Welp! If being a bad cook shows that something is off about a person, that would explain a lot about me😂.

As for the comfortable house and delicious meals, I believe it’s just HH’s way of keeping people IN if they are brave/crazy/curious enough to even go inside in the first place, based on its exterior “vileness.” Perhaps Mrs.Dudley is under the spell of HH, and therefore able to create even a perfect soufflé in such an unbalanced kitchen. Or maybe she has done it for so long, she is used to it. It makes me wonder if she could do it in anyone else’s kitchen that is on level ground.

Which brings me to the next intriguing idea. It’s interesting to contemplate Eleanor’s question about returning to a “real” house after living at Hill House. I think of Eleanor’s life, and wonder if she questions whether or not she can ever have a “normal” life, like most of her peers, after living the life she has lived for so many years. Maybe her question isn’t about HH-?

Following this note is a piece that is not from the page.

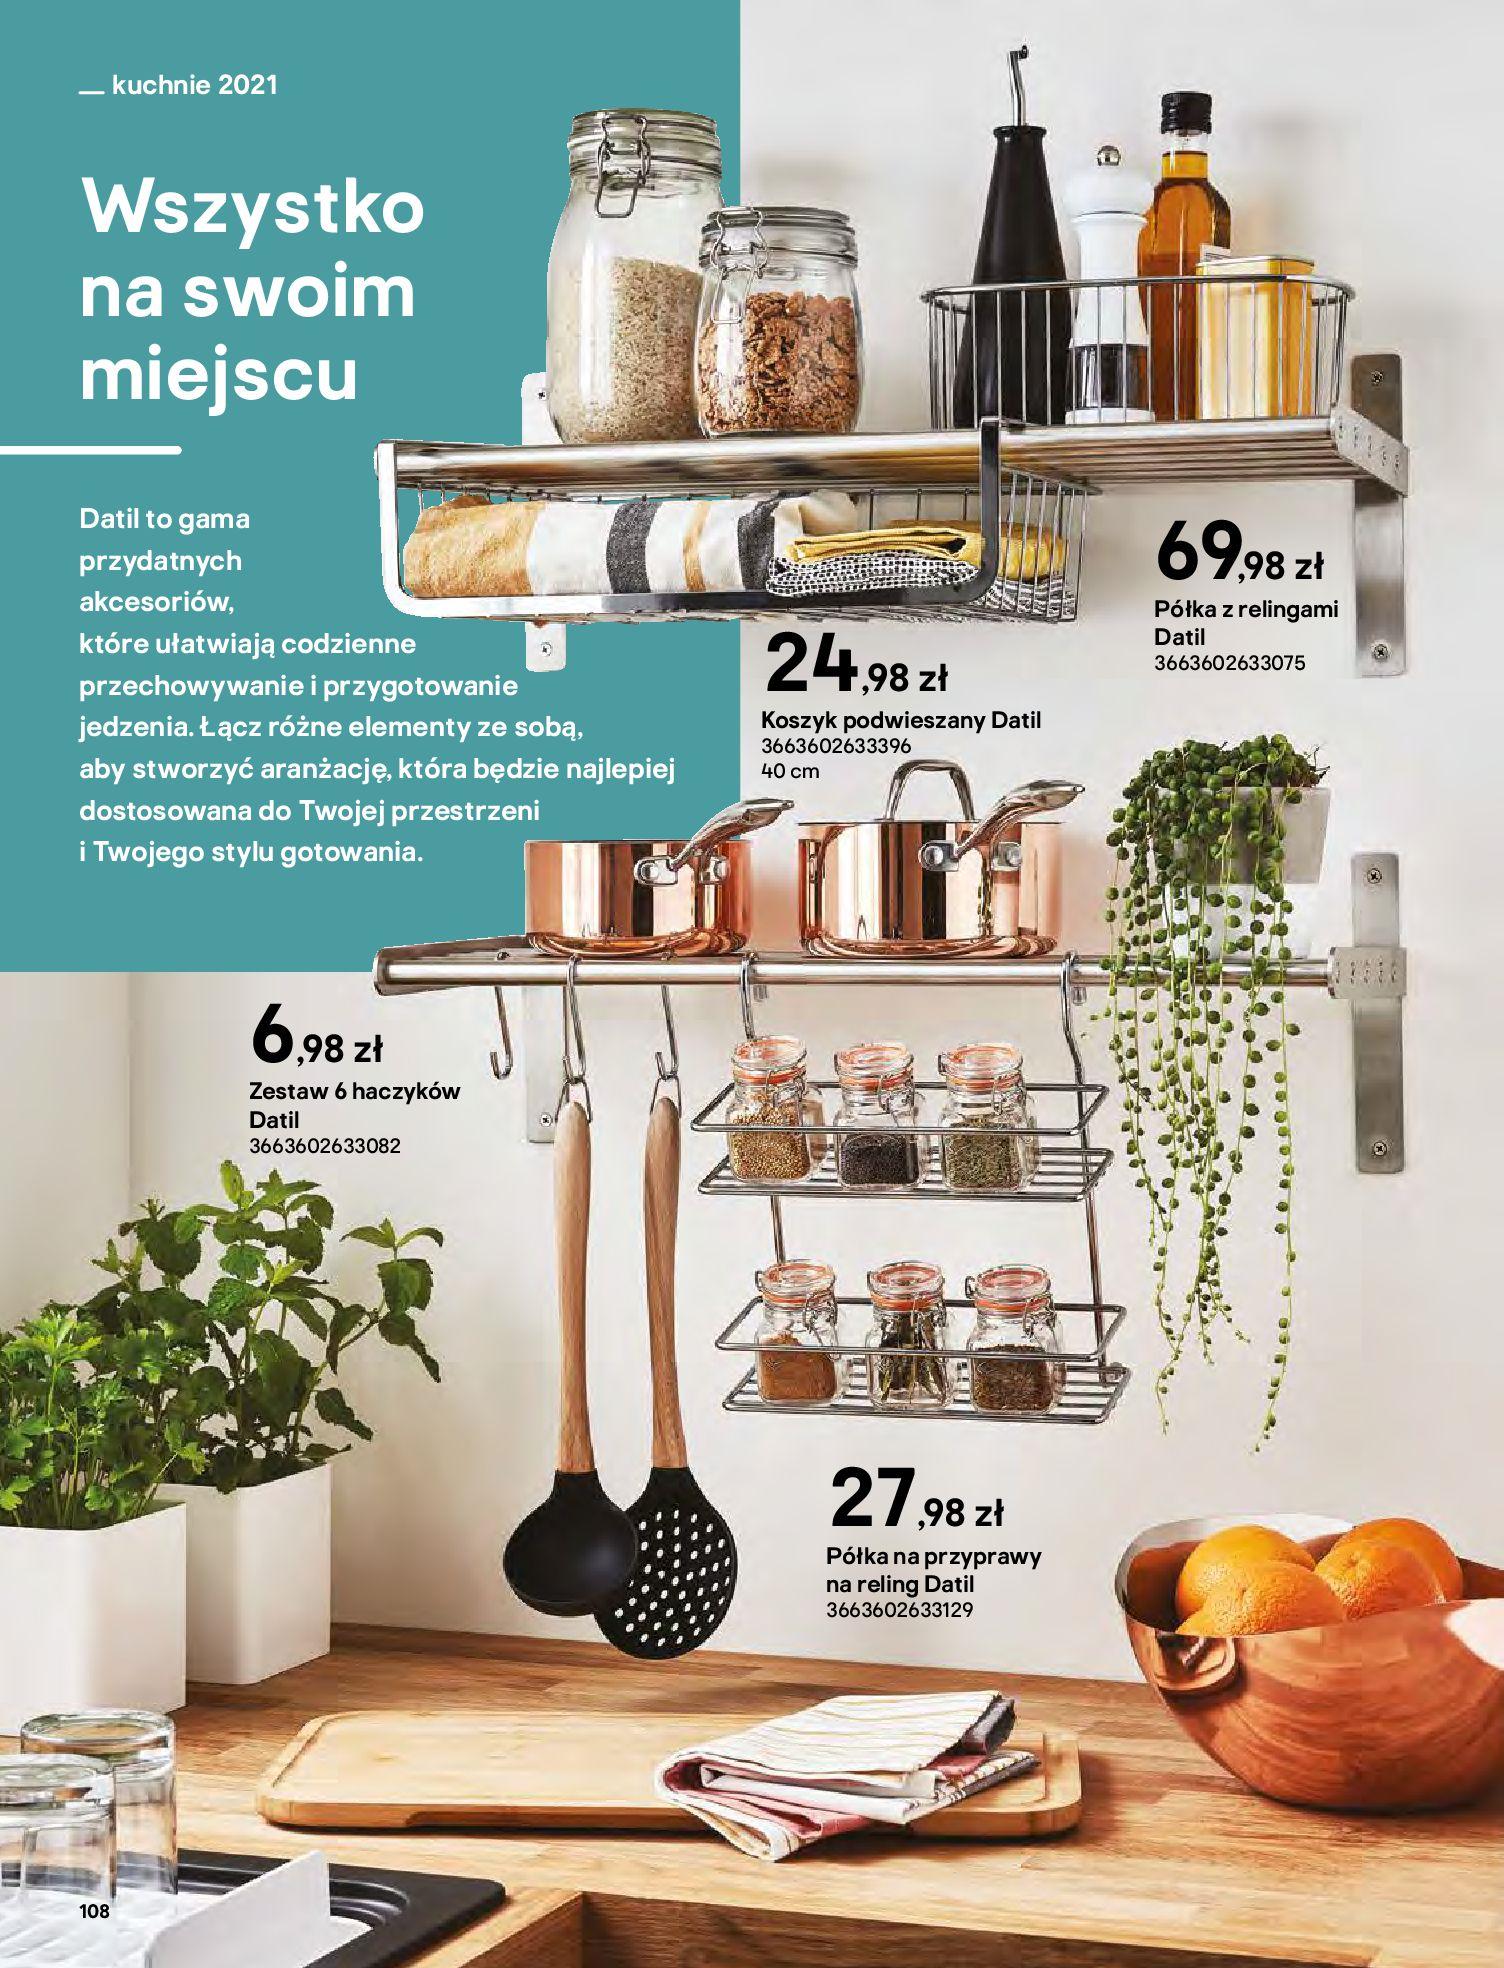 Gazetka Castorama: Katalog kuchnie 2021 2021-05-04 page-108
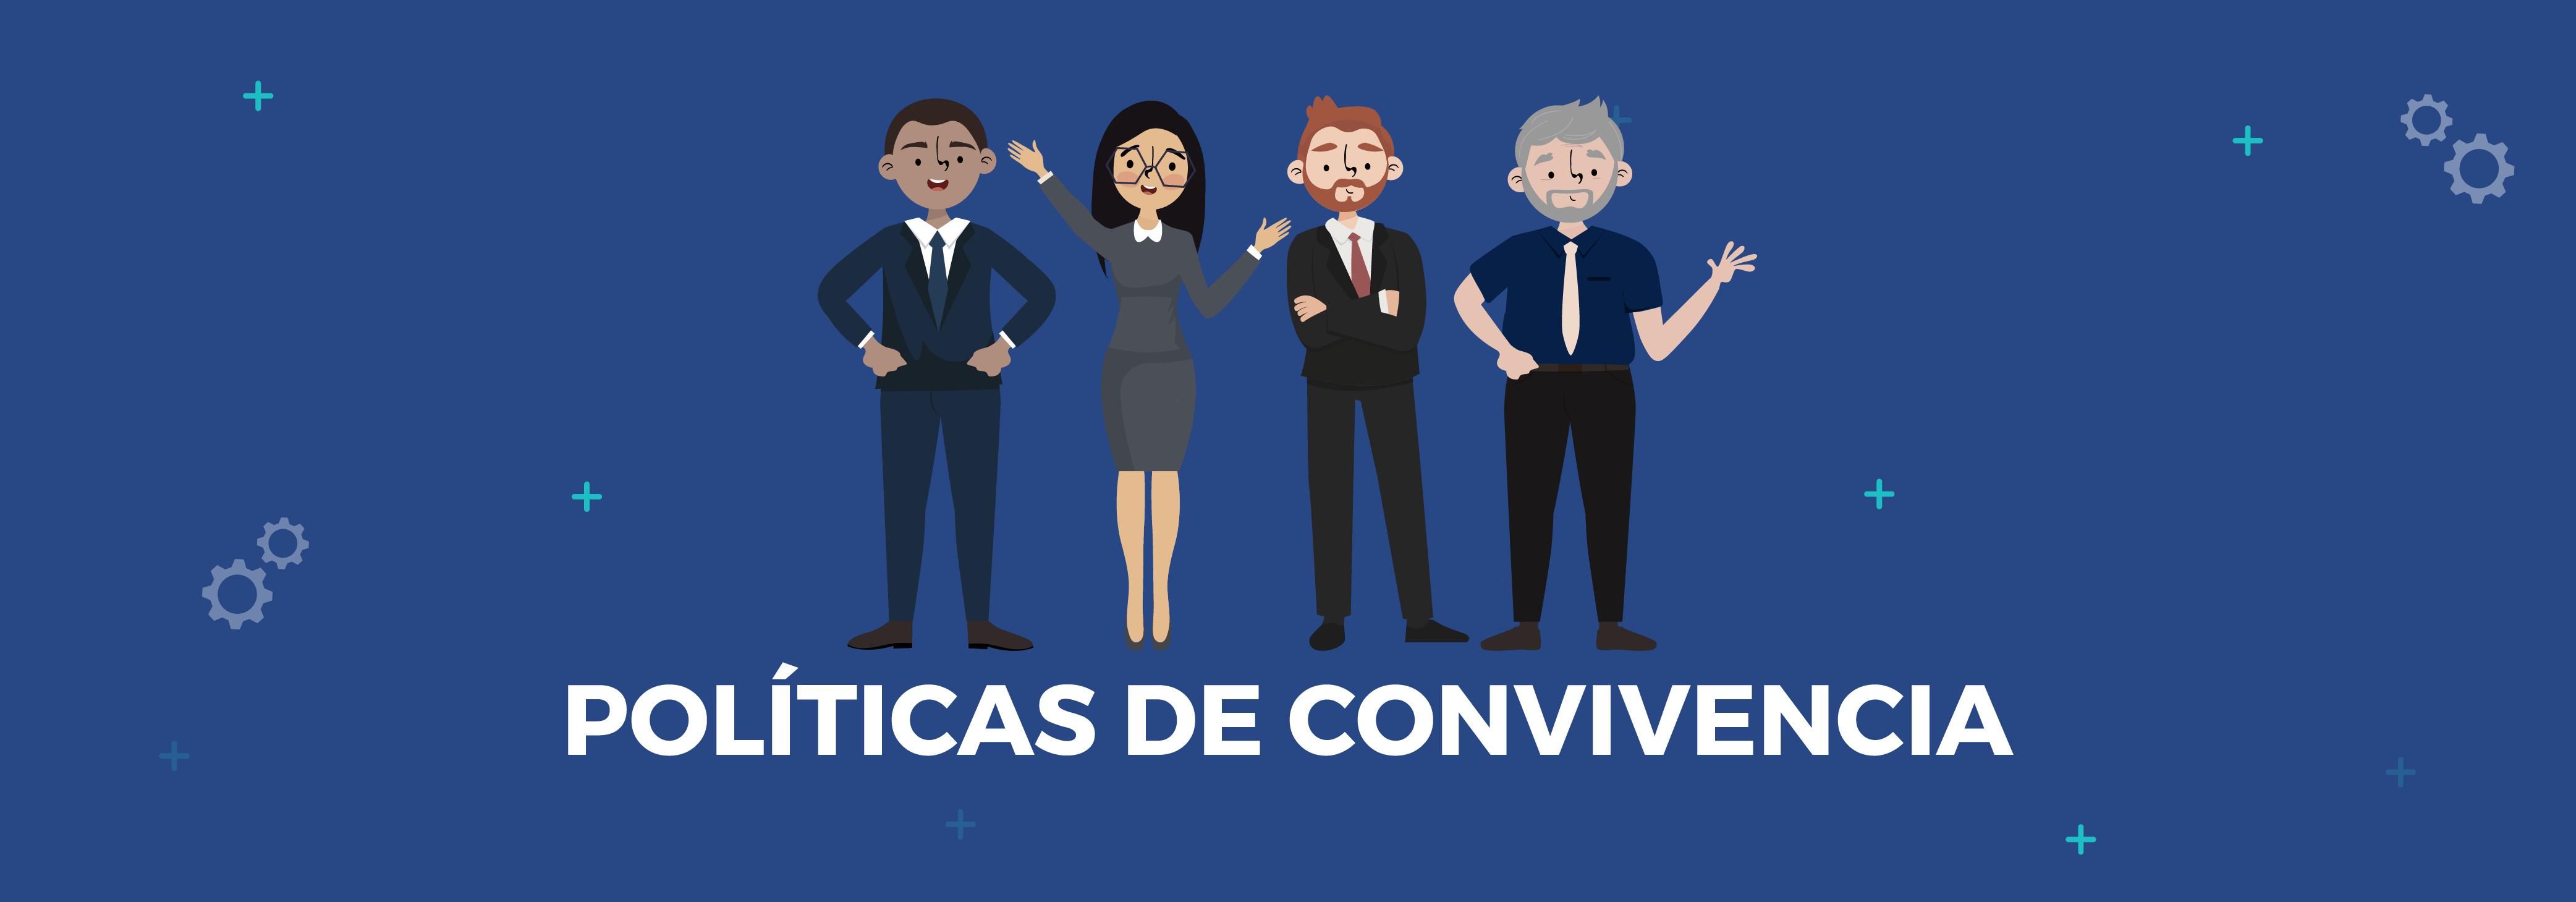 CONVIVENCIA 40

I also think about anyone who is brought up in a traumatic family situation, or someone who goes through trauma at any point in their life, and how they wonder if their life can ever go back to as it was before- after it has been turned upside down; especially if they were raised in a very dysfunctional family; or abused, or were forced to deal with a catastrophic event or chronic illness.

Almost all of SJ’s characters seem to have been “broken” by something, and we watch as they struggle to put the pieces of themselves back together- Once you’ve been to that place, whatever it is, can you return back; whole?